Rabbi Yitzchok Tuvia Weiss (26 August 1926 – 29 July 2022) was the Chief Rabbi, or Gaavad (Gaon Av Beis Din), of Jerusalem for the Edah HaChareidis. He was appointed to this post in 2004, after having served as a dayan of the Machzike Hadass community of Antwerp, Belgium. Rabbi Weiss was a British national.

According to his late brother, he was born in Pezinok, Slovakia as Tibor Weiss to Salomon (Shlomo) Weiss, a timber merchant. He attended the local secular school in the mornings, and took religious instruction with a private melamed in the afternoons.

Before World War II, he escaped Slovakia on a Kindertransport, arranged by Aron Grünhut and Sir Nicholas Winton, leaving his parents and family behind. He arrived with the Kindertransport in London in late May 1939, after the Jewish holiday of Shavuos. He celebrated the Shabbos of his bar mitzvah at the home of a British woman who took him in. The only religious text he received for his bar mitzvah was a copy of the Kitzur Shulchan Aruch, which he studied for many weeks until he mastered it. He also received a pair of tefillin, sent to him from his father through the Red Cross before he was murdered. By the time the tefillin arrived, neither of his parents were alive. The Sassover Rebbe Rabbi Simcha Rubin of London became his Rebbe and then was adopted by the Rebbe.

Rabbi Weiss continued his education at Yeshivas Toras Emes in Stamford Hill, London (also known as Schneider's Yeshiva), where he studied under Rabbi Moshe (Yehuda) Schneider. One of his peers at the Yeshiva was Rabbi Moishe Sternbuch, who served alongside him as the Raavad (Rosh Av Beis Din) of Jerusalem. After his marriage, he studied at the Gateshead Kollel under Rabbi Eliyahu Eliezer Dessler, who served as rosh kollel. After Rabbi Dessler moved to Israel in the late 1940s, Rabbi Weiss was appointed to serve as one of the executives of the Gateshead Kollel.
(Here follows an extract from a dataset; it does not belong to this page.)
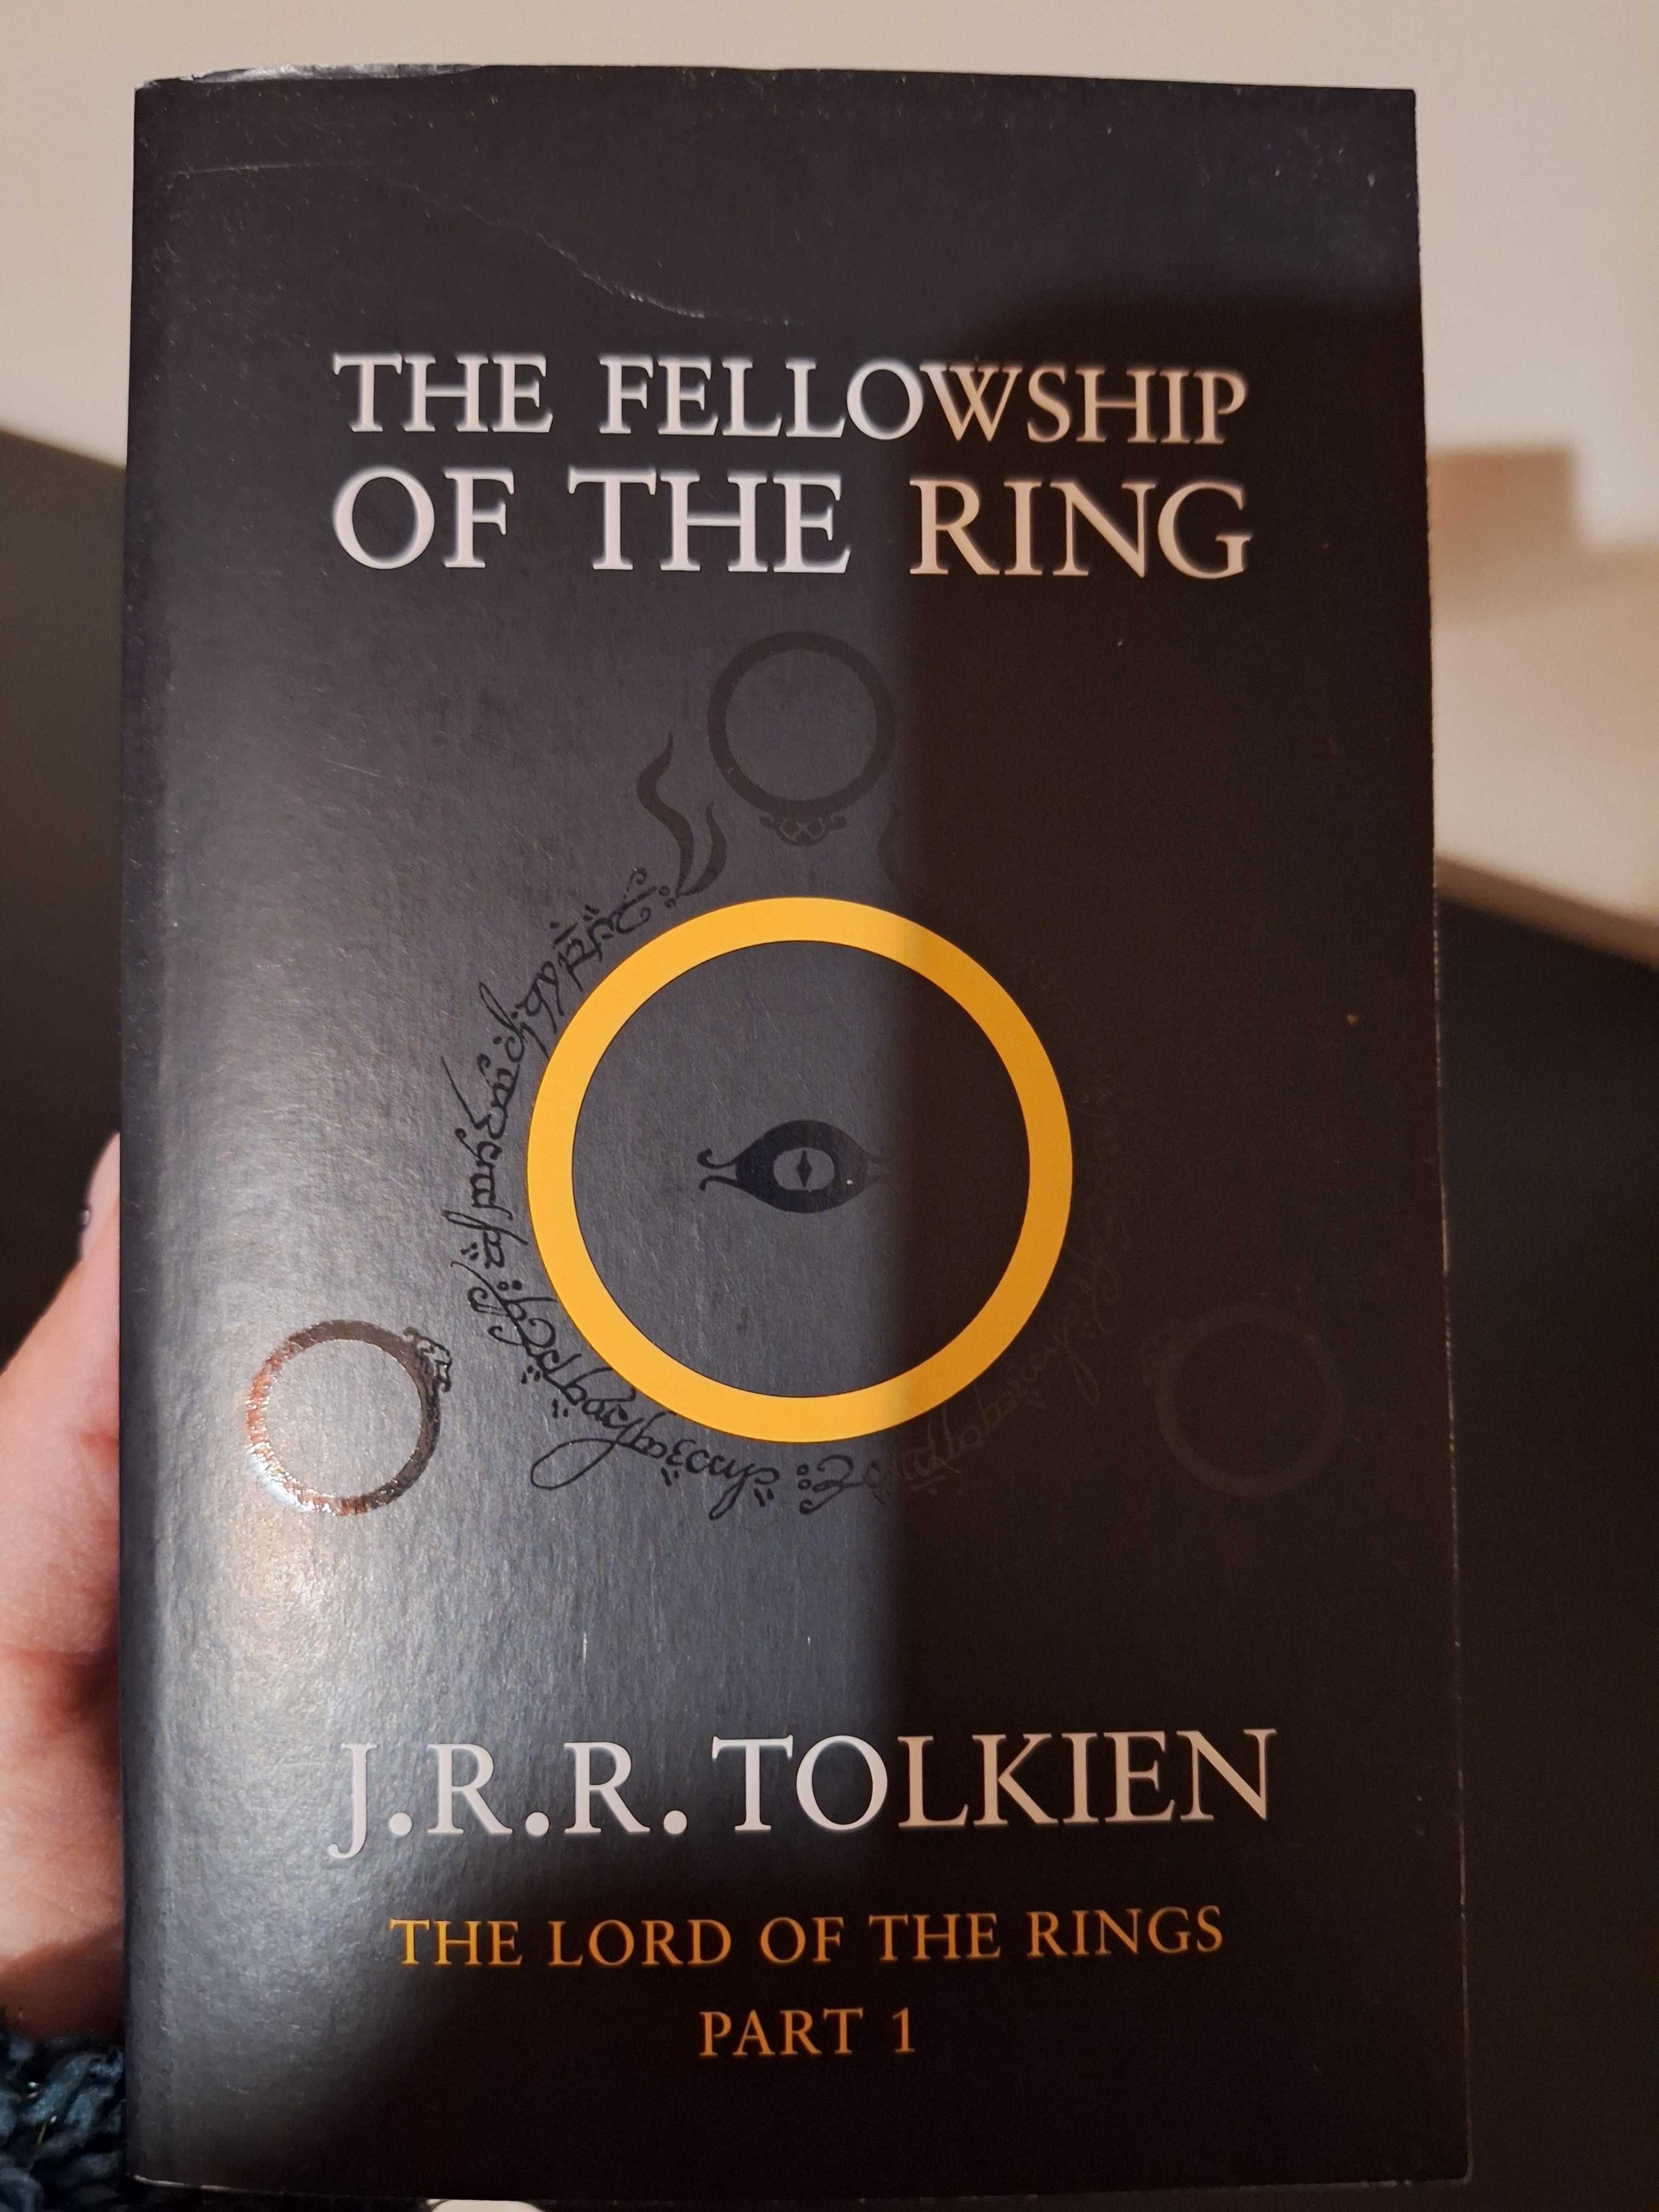 Lord of The rings- Fellowship of The ring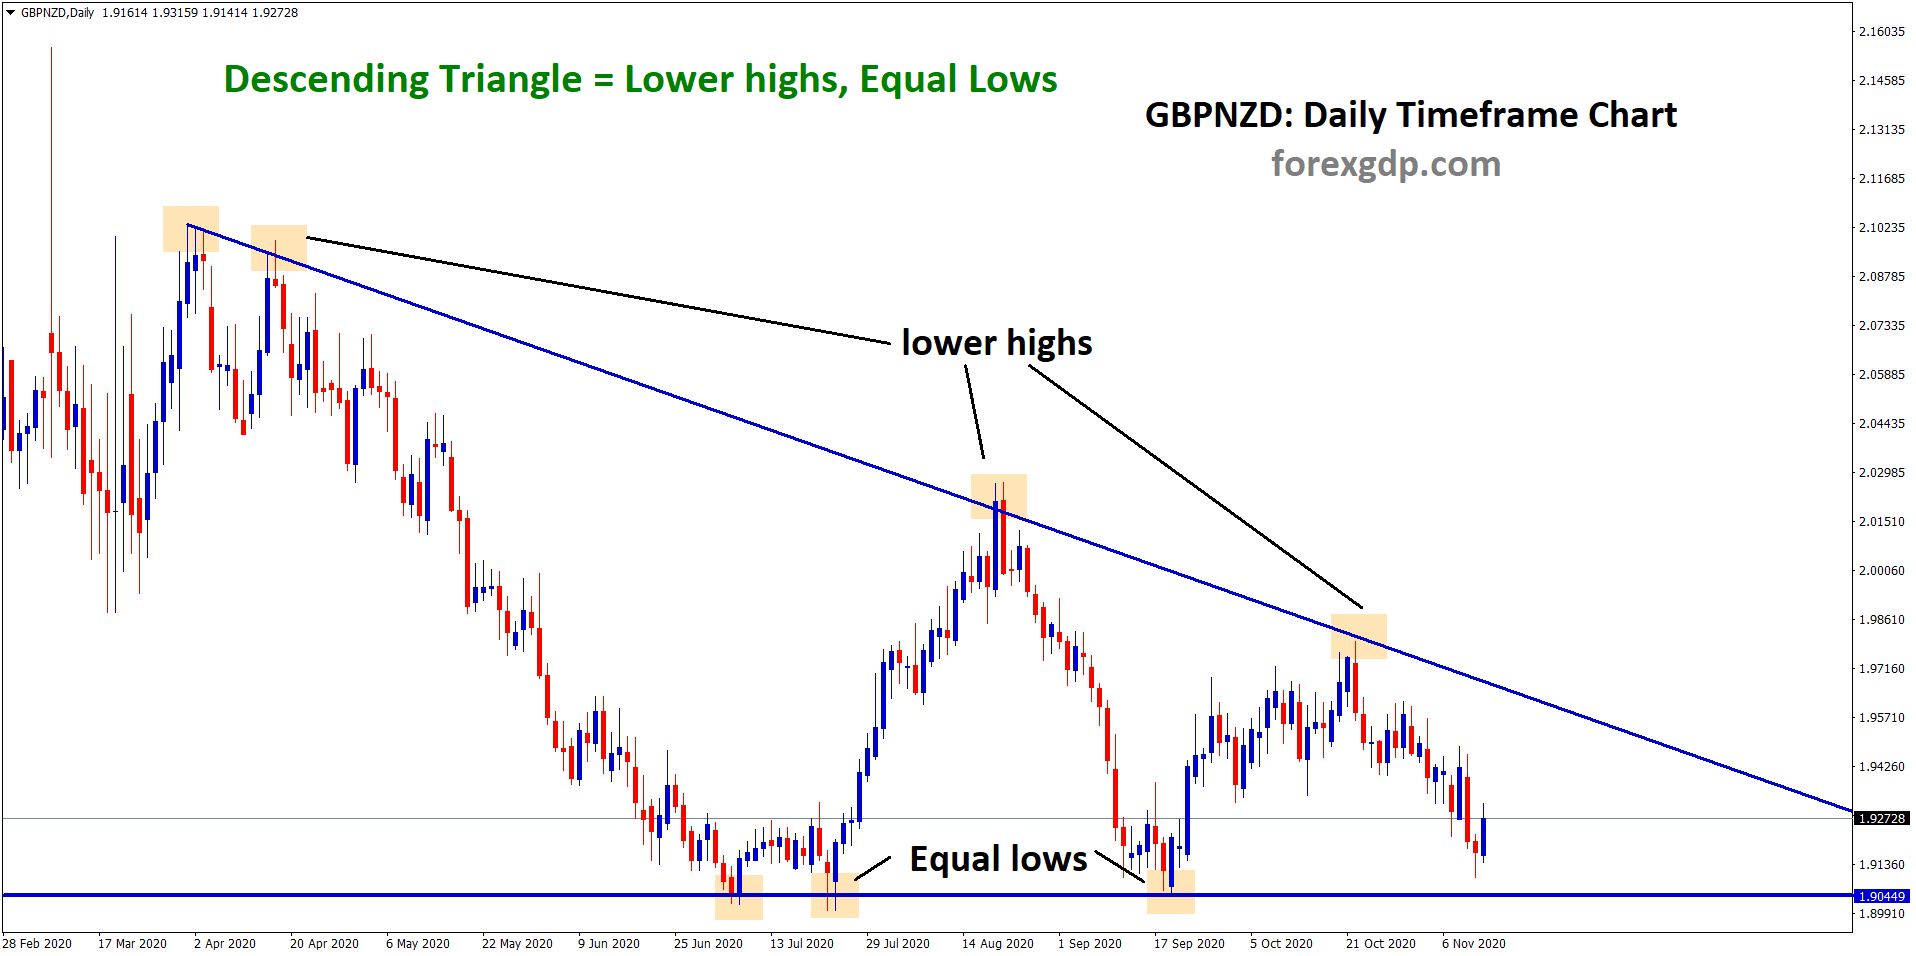 GBPNZDDaily descending triangle pattern

A few years later, Rabbi Weiss moved to London, where he was hired as a maggid shiur at Yeshiva Horomo, lead by Rabbi Elyokim Schlesinger, and as rav of the Tzeirei Agudas Yisroel shul (known as "Upstairs 69"). Later, he moved to Antwerp, where he served as a maggid shiur at a yeshiva in Wilrijk, and where he was appointed dayan in 1967. He also served, in an unofficial capacity, as the Rav of the Gerrer Shtiebel, and the Yingerleit Shul in Antwerp.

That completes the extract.